Revival House: 'Bigger Than Life'
Nicholas Ray's classic needs to find its way to DVD

Thanks to an email from my friend Matthew Kiernan, I don't have to ask this question anymore: Why oh why is Nicholas Ray's "Bigger than Life" not on DVD? Finally! It's getting the Criterion treatment next year.
A movie that never even found its way to VHS either, "Bigger than Life" is one Ray’s most interesting, sociologically damning and in a word, craziest pictures. It also boasts one of cinema’s most horrifying fathers, James Mason’s Ed Avery. It's Sirk by way of "The Shining" -- a good thing.

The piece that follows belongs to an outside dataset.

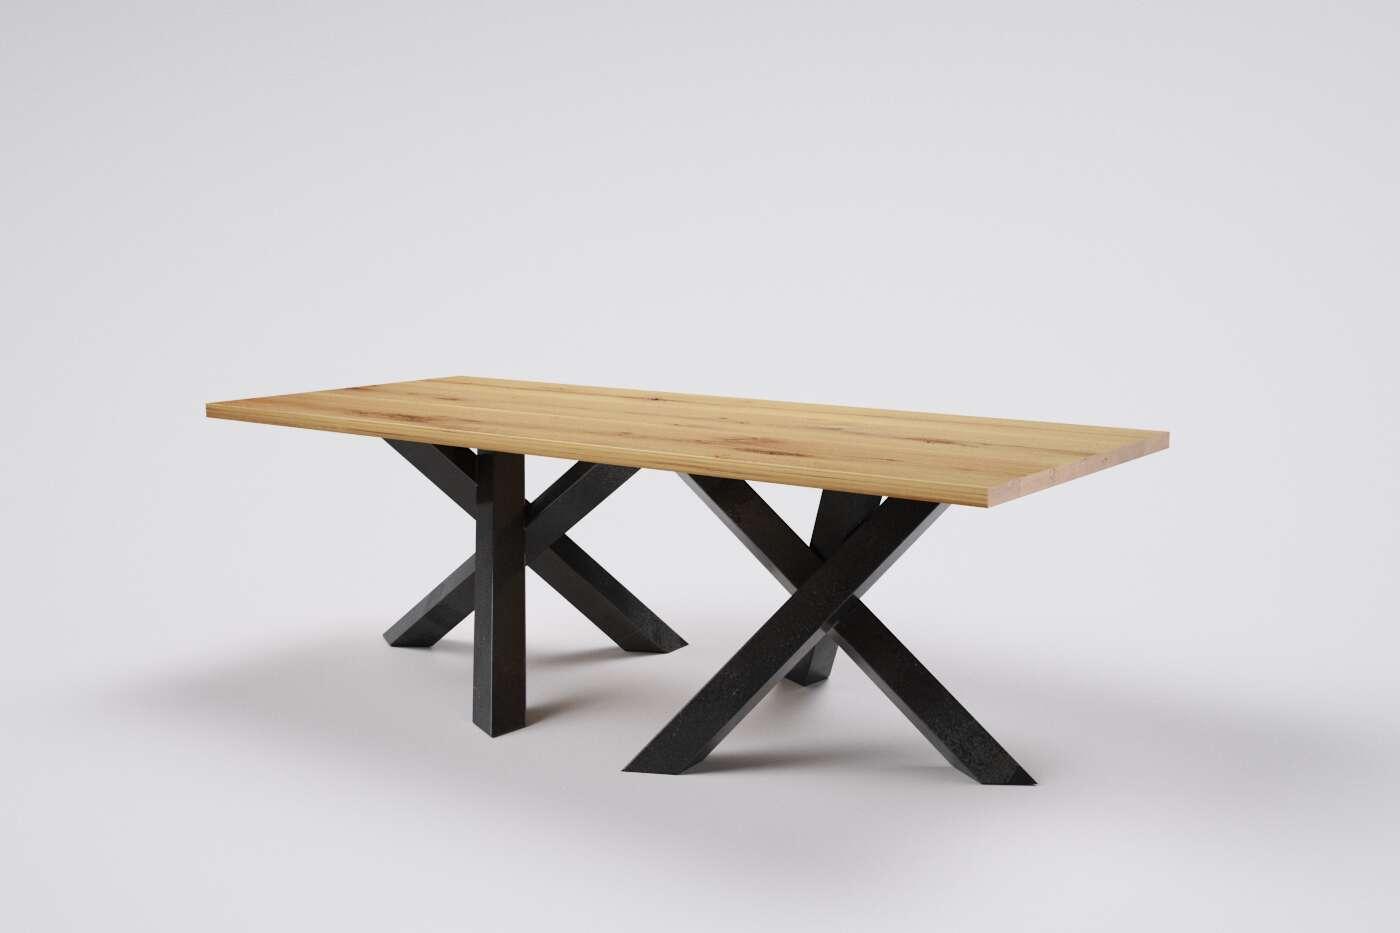 holztisch esstisch massiv eiche wohnsektion. Black Bedroom Furniture Sets. Home Design Ideas
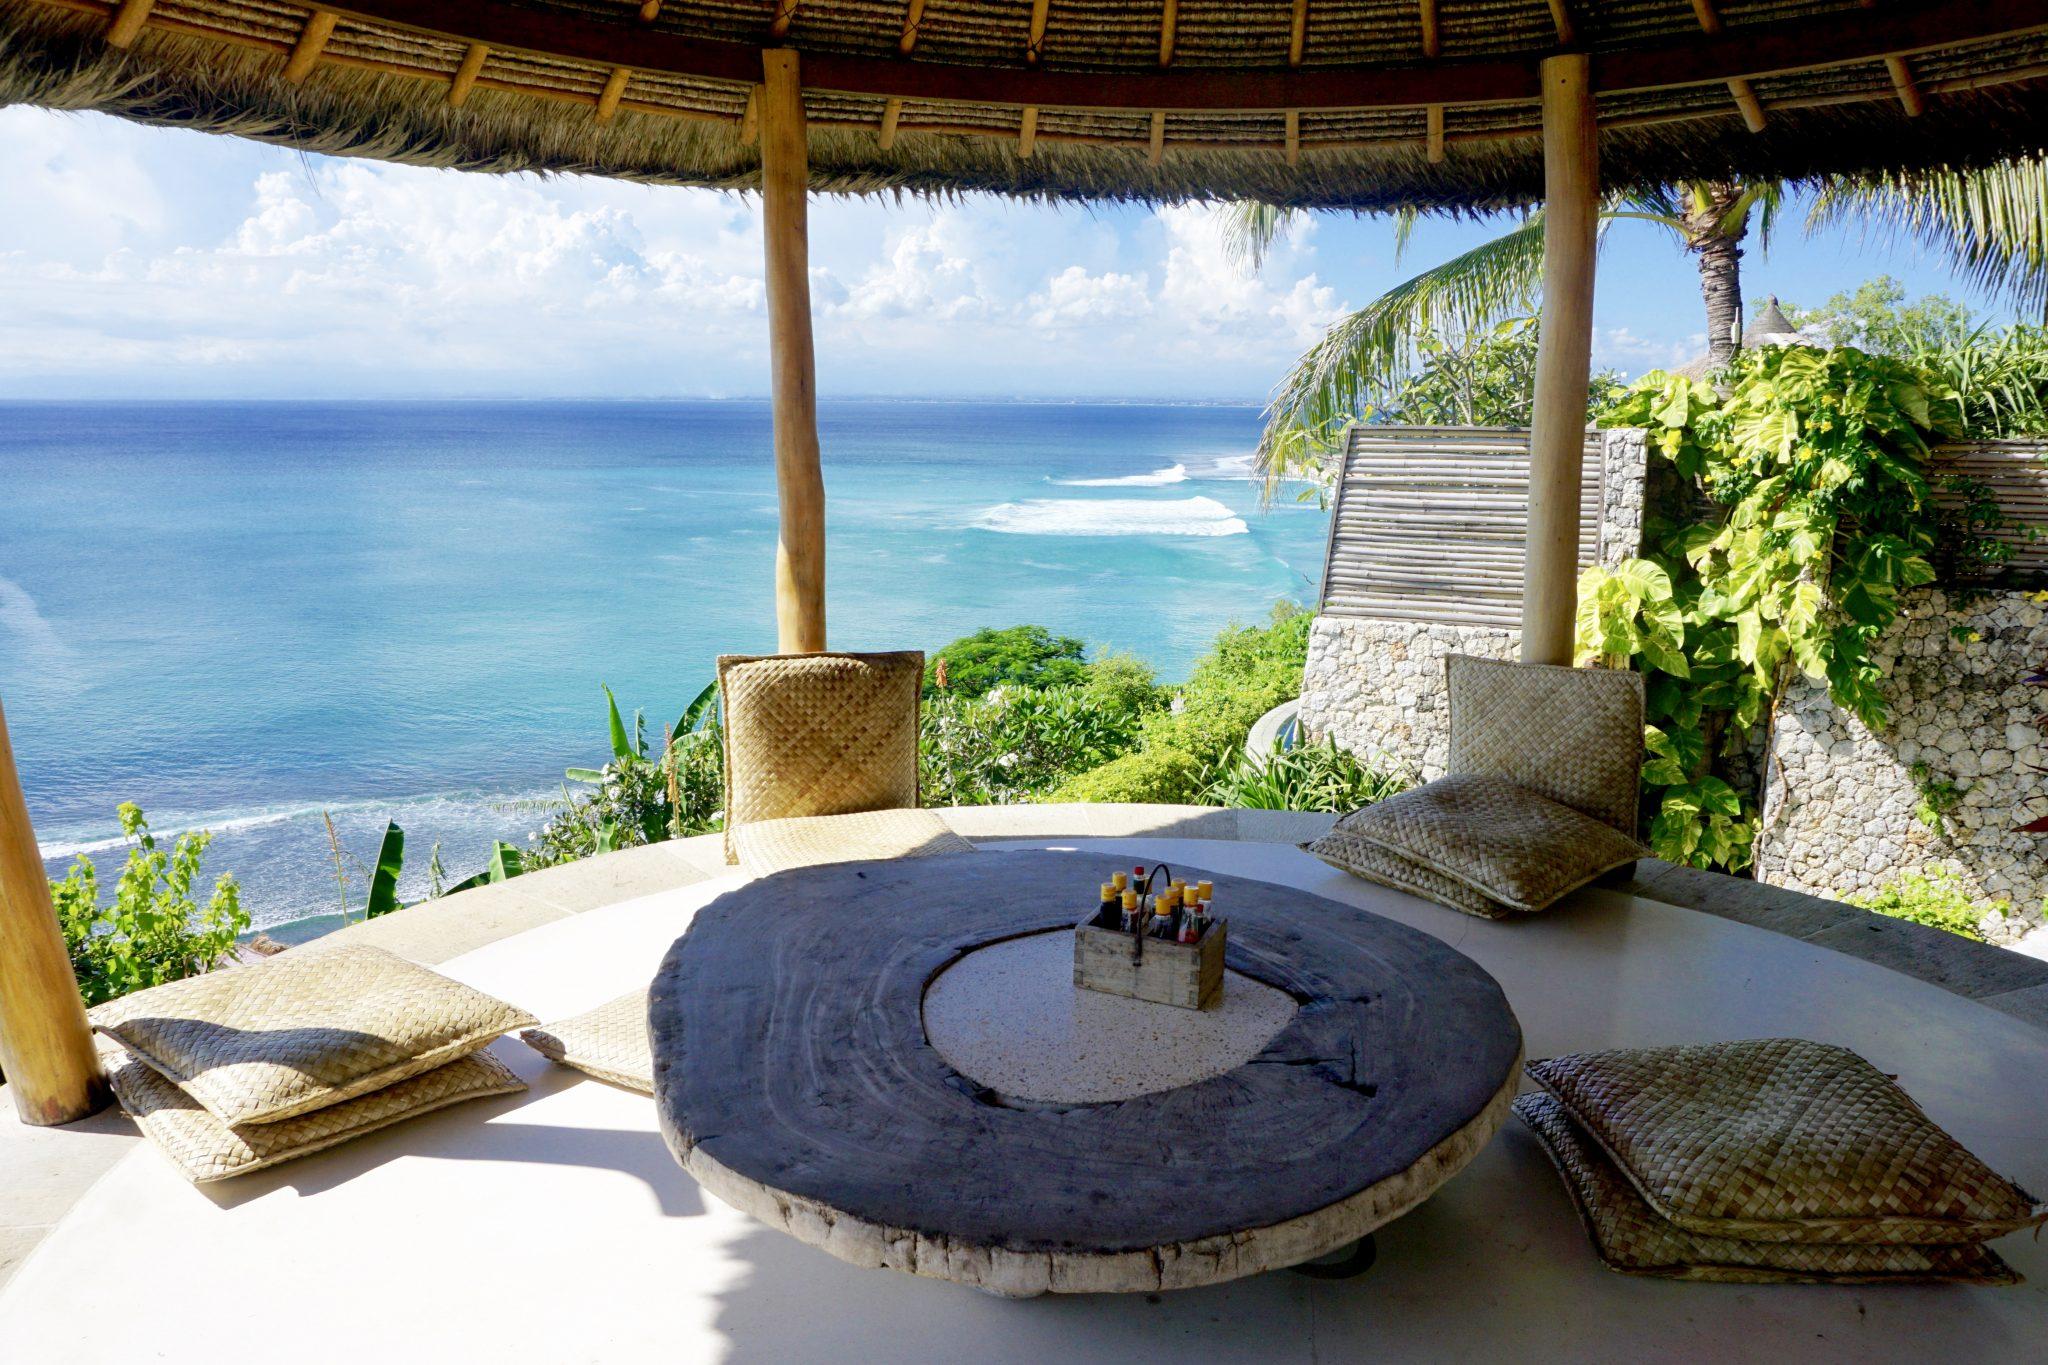 bingin beach, bali, micks place, cliff hotel, ocean views

A picture perfect 1950’s schoolteacher at first, his personality changes drastically after discovering he’s suffering from a potentially fatal illness. He becomes a guinea pig to the new drug cortisone and essentially, loses his marbles. Like many drugs, it’s wonderful at first -- he feels better -- but the side effects are worse than anything you’ll hear listed during a Lipitor, Zoloft or Wellbutrin commercial. It’s not that he loses his sex drive (though that’s not addressed in the picture) no, he turns into a megalomaniacal psychopath with murder on his mind -- chiefly the murder of his little son.
Shot in bold, brilliant color and beautifully composed (the shots of Mason lording over his son in shadow are especially powerful), the father-as-God story is horrifying but in the end, incredibly sad. A terrifically dark explication of the cookie cutter 1950’s family (was anyone really that perfect little cookie? Of course not.) and an interesting early indictment on prescription drugs, the picture was not surprisingly, a massive flop upon release. The whole daddy’s gonna kill you aspect was more than likely tough going for audiences taking in those glorious Technicolor frames. And that line: "God was wrong!" it sticks with you forever.
I've seen the picture at film festivals, revival houses and it pops up frequently on the Fox Movie Channel, but if you ever have a chance to watch Ray's masterwork, writ-large, run, don't walk to the cinema. It's a mind bending, psycho, splendiferous experience.